Pity today's court reporters.

In the 20 years since the Richmond Newspapers decision, in which the U.S. Supreme Court made it clear that criminal trials are presumptively open, justice has taken a long, steady slide back to secrecy.

In many jurisdictions, the days of reporters reviewing court files, interviewing parties and their lawyers, asking clerks and judges procedural questions and interviewing jurors after they have delivered their verdict are long gone.

Whether it is because judges fear a jury will be influenced by pre-trial coverage or because they just do not want to be annoyed by media coverage, judges are closing proceedings and gagging parties at an alarming rate. Reporters are forced to rely on leaks, rumors and innuendo.

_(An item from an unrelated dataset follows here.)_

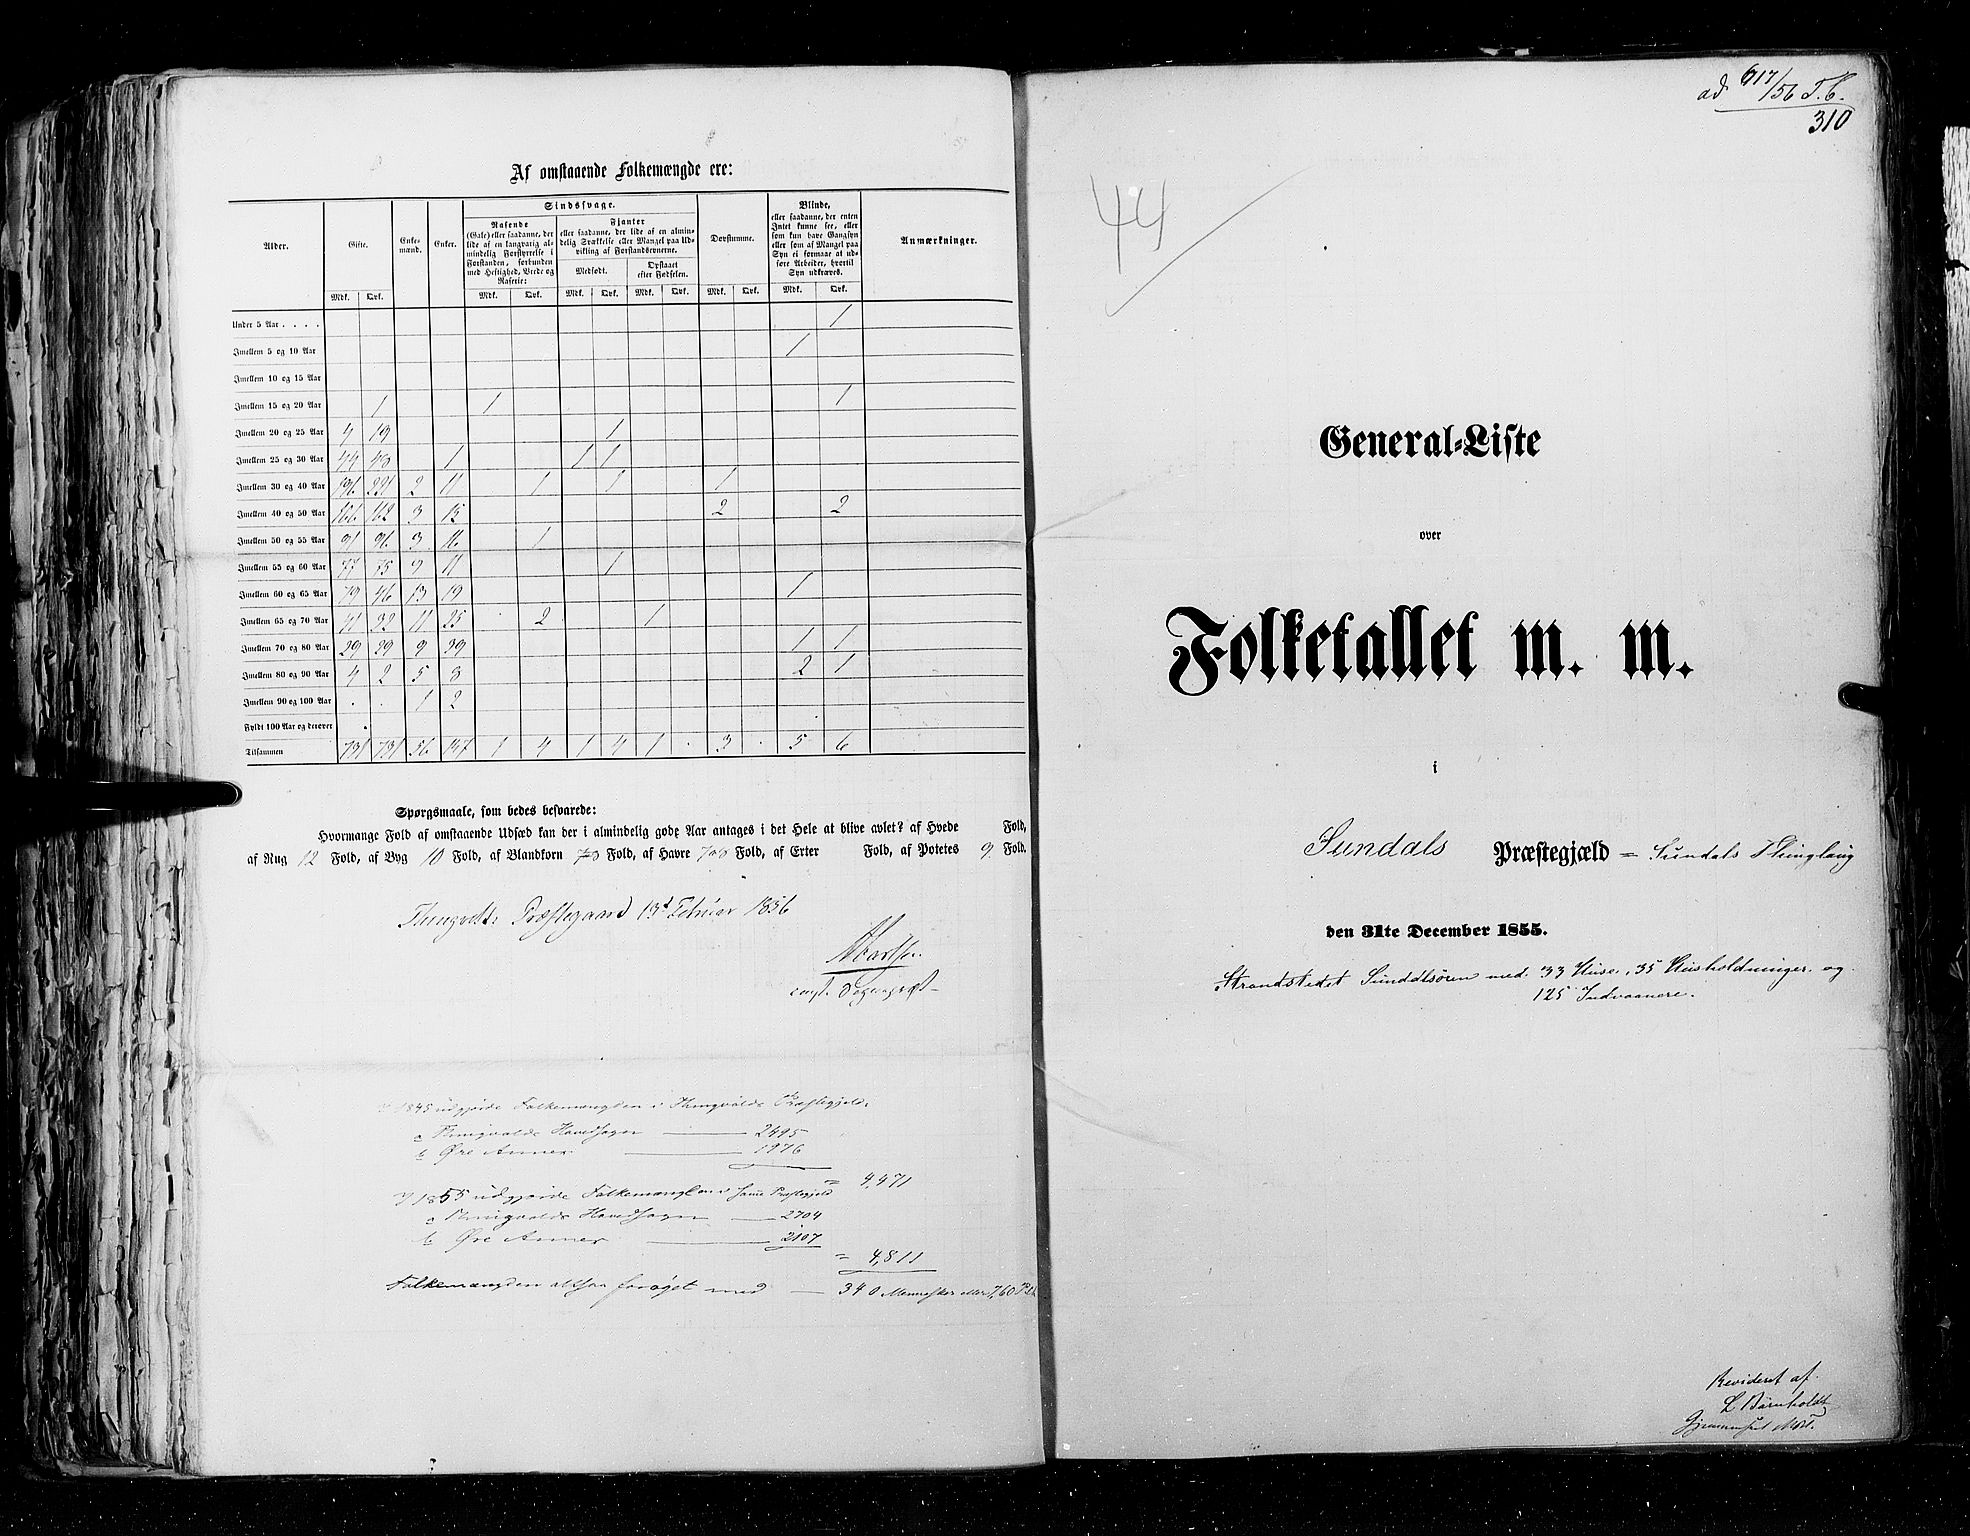 RA, Census 1855, vol. 5: Nordre Bergenhus amt, Romsdal amt og Søndre Trondhjem amt, 1855, p. 310

Anonymous juries are increasingly common — and offensive. Once used as a last resort in cases involving mobsters, this practice is routine in too many courtrooms — despite the Supreme Court's admonition in Press-Enterprise I that "the process of selection of jurors has presumptively been a public process."

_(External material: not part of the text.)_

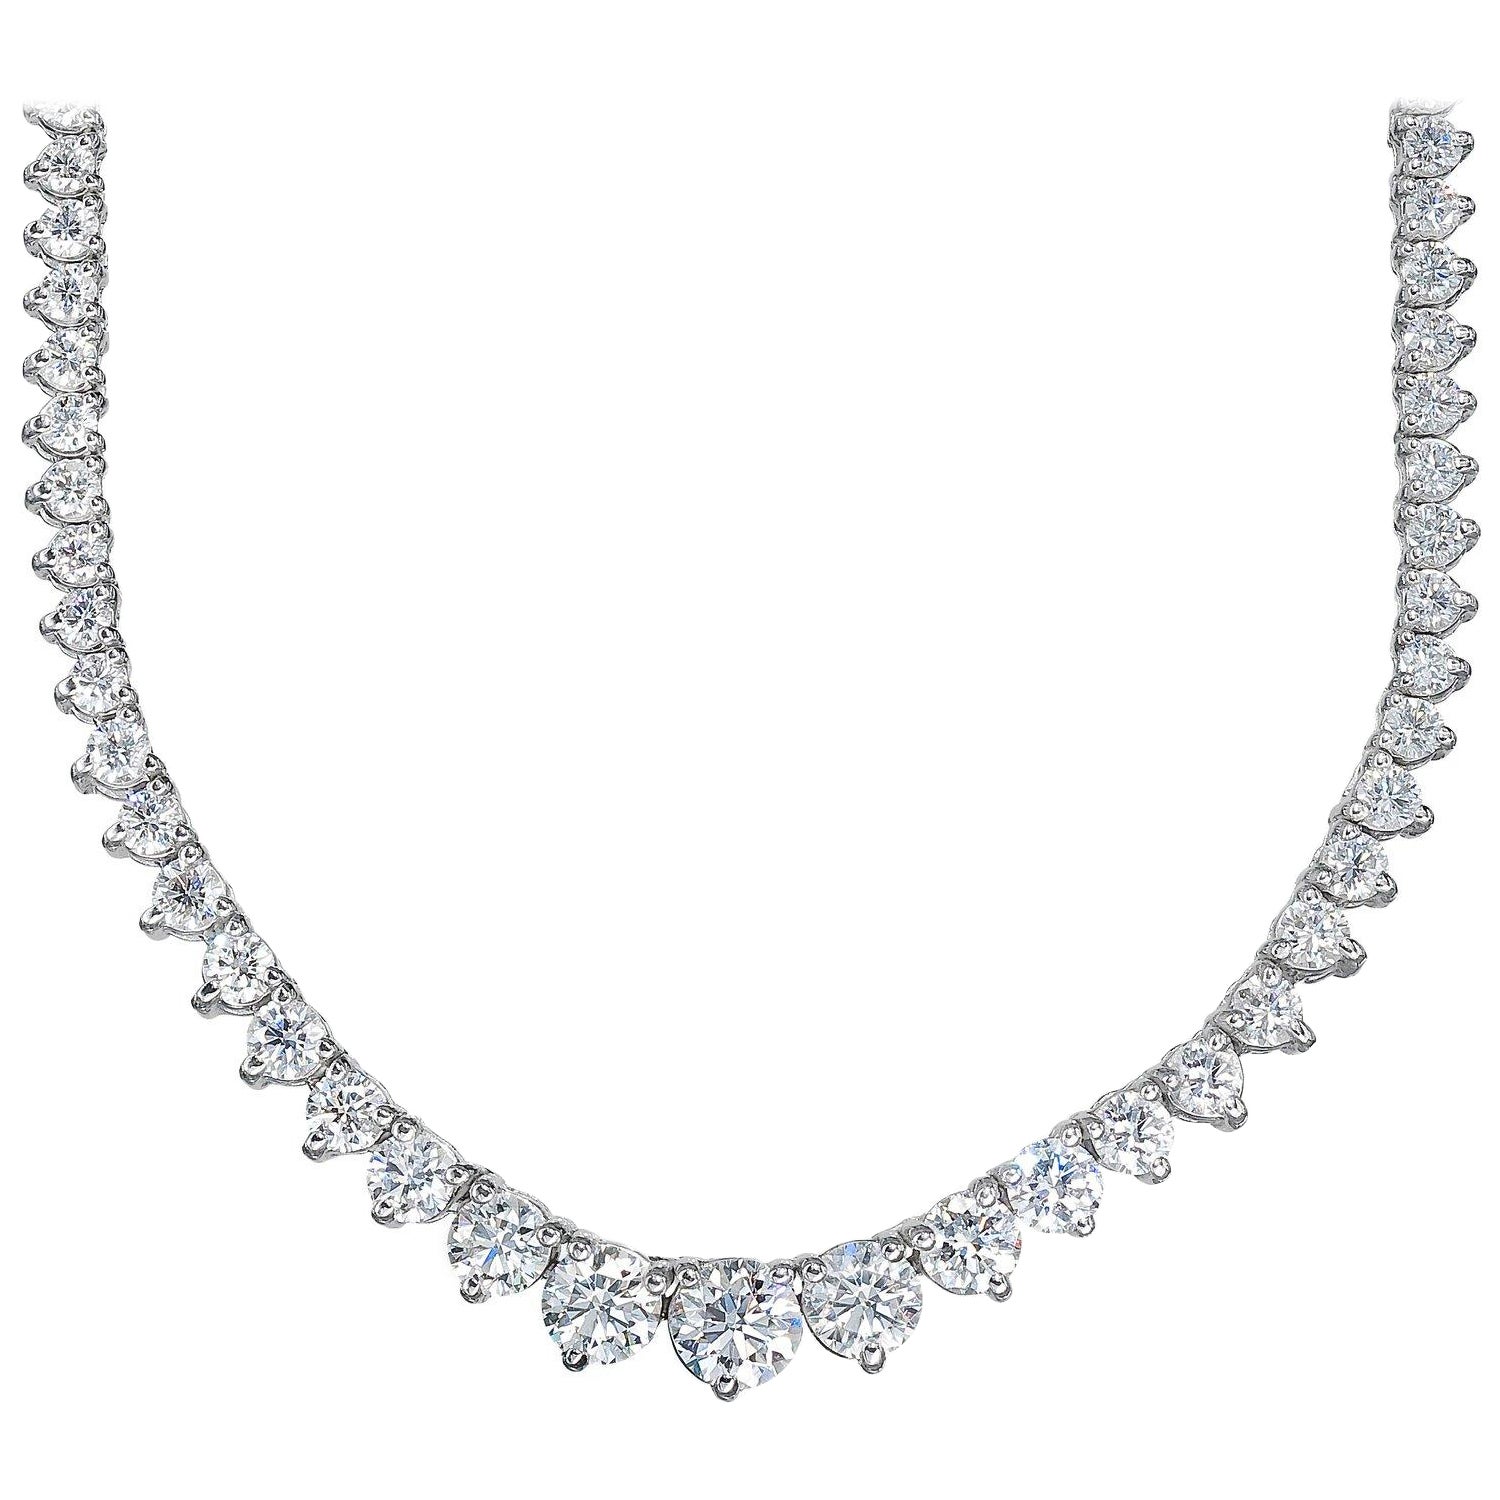 Abgestufte Riviera-Tennis-Halskette (25 Karat EF VVS GIA Diamanten) aus Weißgold

A misguided notion of "juror privacy" has supplanted the Supreme Court's declaration that openness "vindicates the concerns of the victims of the crime, the community and defendants in knowing that the criminal justice system operates fairly and justly."

As a federal court reporter in the late 1980s, I visited the federal courthouses in St. Paul and Minneapolis almost daily. One senior judge always encouraged his clerks to answer my questions and was frequently available to explain procedural issues to me. But when it came to juries, he went out of his way to thwart my efforts to talk to them.

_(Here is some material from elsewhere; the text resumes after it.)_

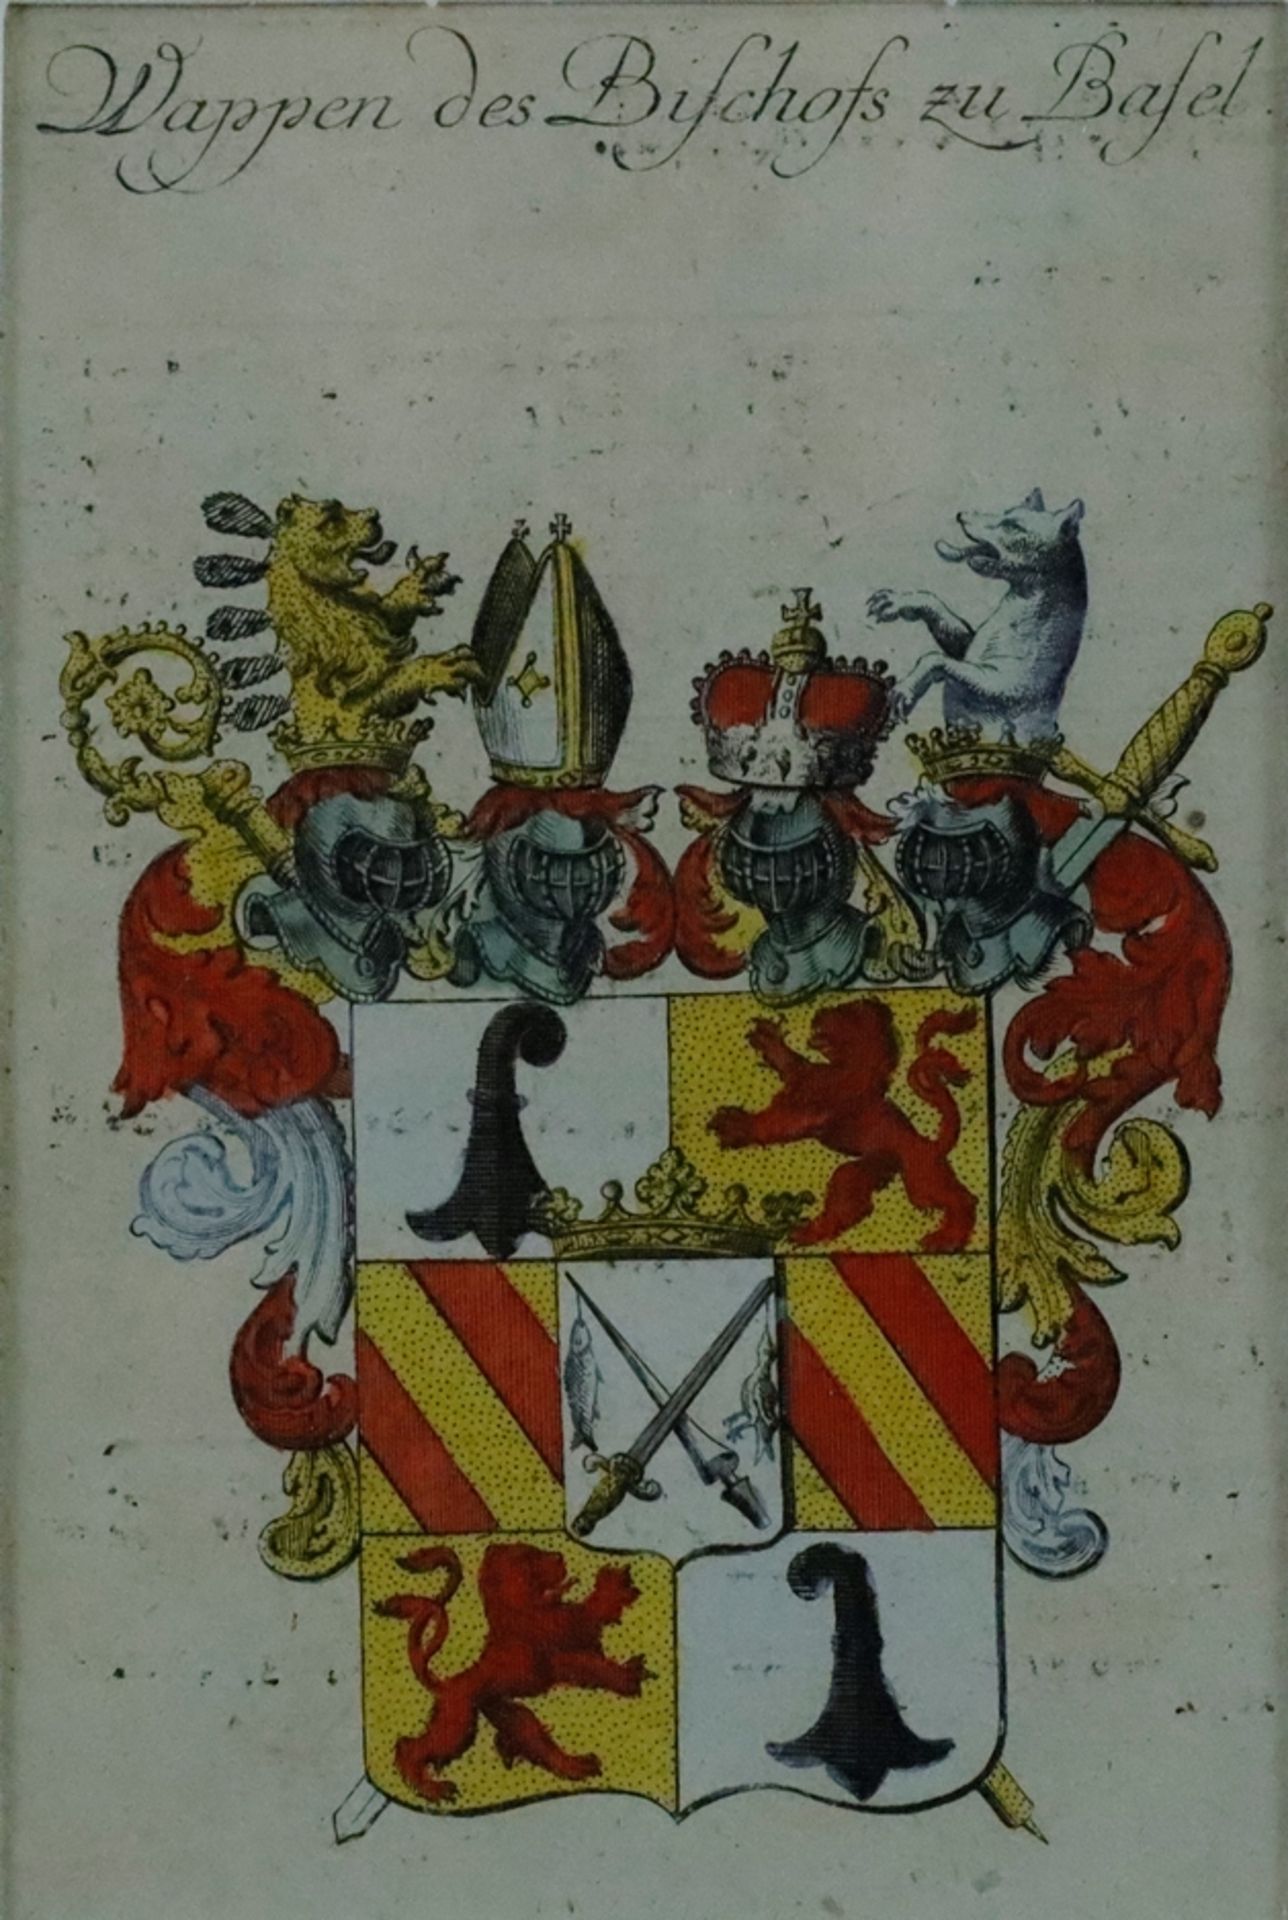 Wappen des Bischofs zu Basel - handkolorierter Kupferstich um 1750, es handelt sich um das Wappen d

The judge, the late Edward Devitt, refused to allow me to see lists of jury members — he said if I wanted to know who they were, I could sit in his courtroom and listen to voir dire.

Covering a routine verdict became a game of wits with this guy. When the son-in-law of an esteemed Minnesota politician was found guilty of numerous counts of fraud, the judge thanked the jury for their service and told them they were free to discuss their deliberations with anyone, but that they were not obligated to do so — a typical directive by a judge.

As the jury left the courtroom, I got up to wait for them to file out of the courthouse. I got to the courtroom door and discovered it was locked. The judge had instructed the bailiffs to lock me in the courtroom until the jury had left the building. Reporting from this judge's courtroom became a delicate dance of sitting near the door to listen to the verdict and dashing out before the bailiffs could pull out their key chains.

Today's judges are much more direct. They issue orders sealing pleadings and settlements, gagging parties and counsel, closing jury selection and banning media coverage. Most of the orders are of dubious constitutionality.

During the next two years, the Reporters Committee will explore this trend toward secrecy. The first in a series of "Secret Justice" reports appears in this issue as a pullout section on the use of anonymous juries. McCormick-Tribune Legal Fellow Ashley Gauthier's accompanying cover story explores the risks Americans take when they allow justice to be dispensed by a secret jury.